I hear people in the office allowing some of the hatred reborn from the early nineties, during the gulf war.
Just this week, I've heard the terms 'Rag Head', 'Sand Nigger', 'Camel Jockey'... These are supposed to be mature adults, and they've got no idea that they are not helping the problem, they are making it worse. Far, far worse, because a billion innocent people are being tormented for the actions of a few fanatical terrorists.
No matter who laughs at these jokes, it's simply not funny. By succumbing to the "Bomb 'em all and let Allah sort them out" mentality, we have become inhuman, uncaring, unsympathetic to the plight of thousands of years of human inequities.

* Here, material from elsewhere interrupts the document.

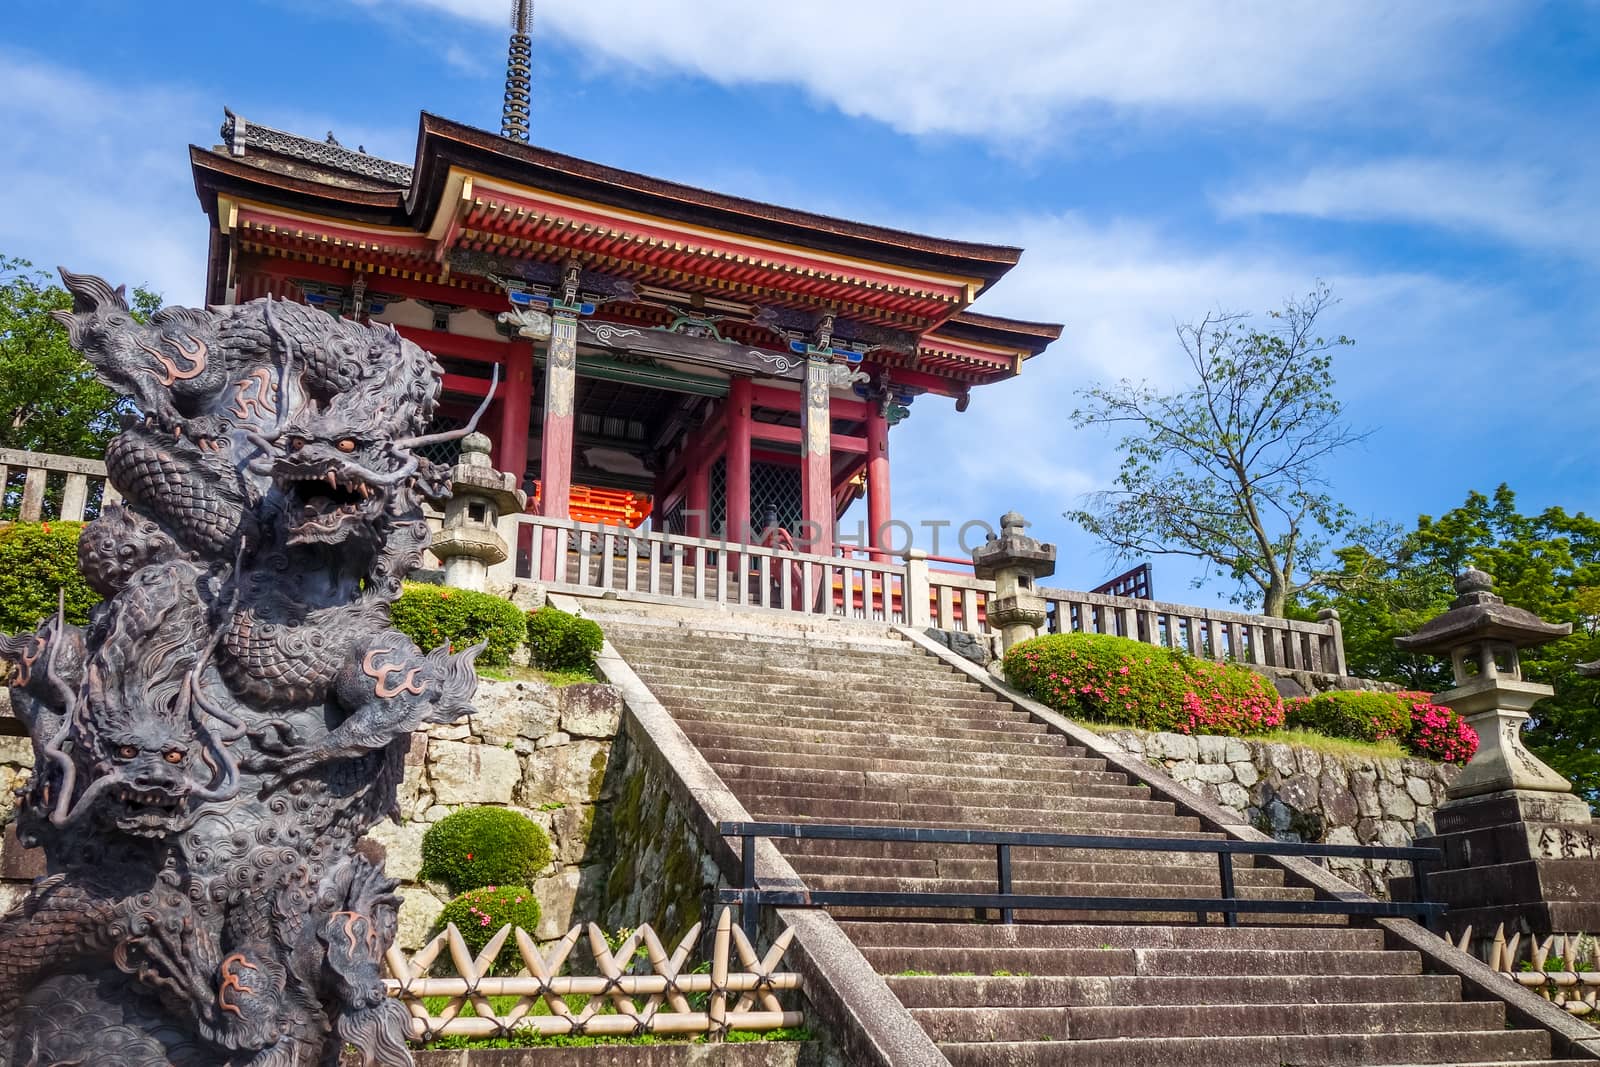 Dragon statue in front of the kiyomizu-dera temple gate, Kyoto, Japan

And so, like most of America, I find myself glued to the television set; waiting, in fear, for the first mention of a retaliation to begin. I fear that it will be bombs, I fear that we'll kill the innocents because of the evils that their neighbors have perpetrated.

I can only have good faith that this country will do the right thing; that, by some miracle, they find a way to only punish those who have earned it.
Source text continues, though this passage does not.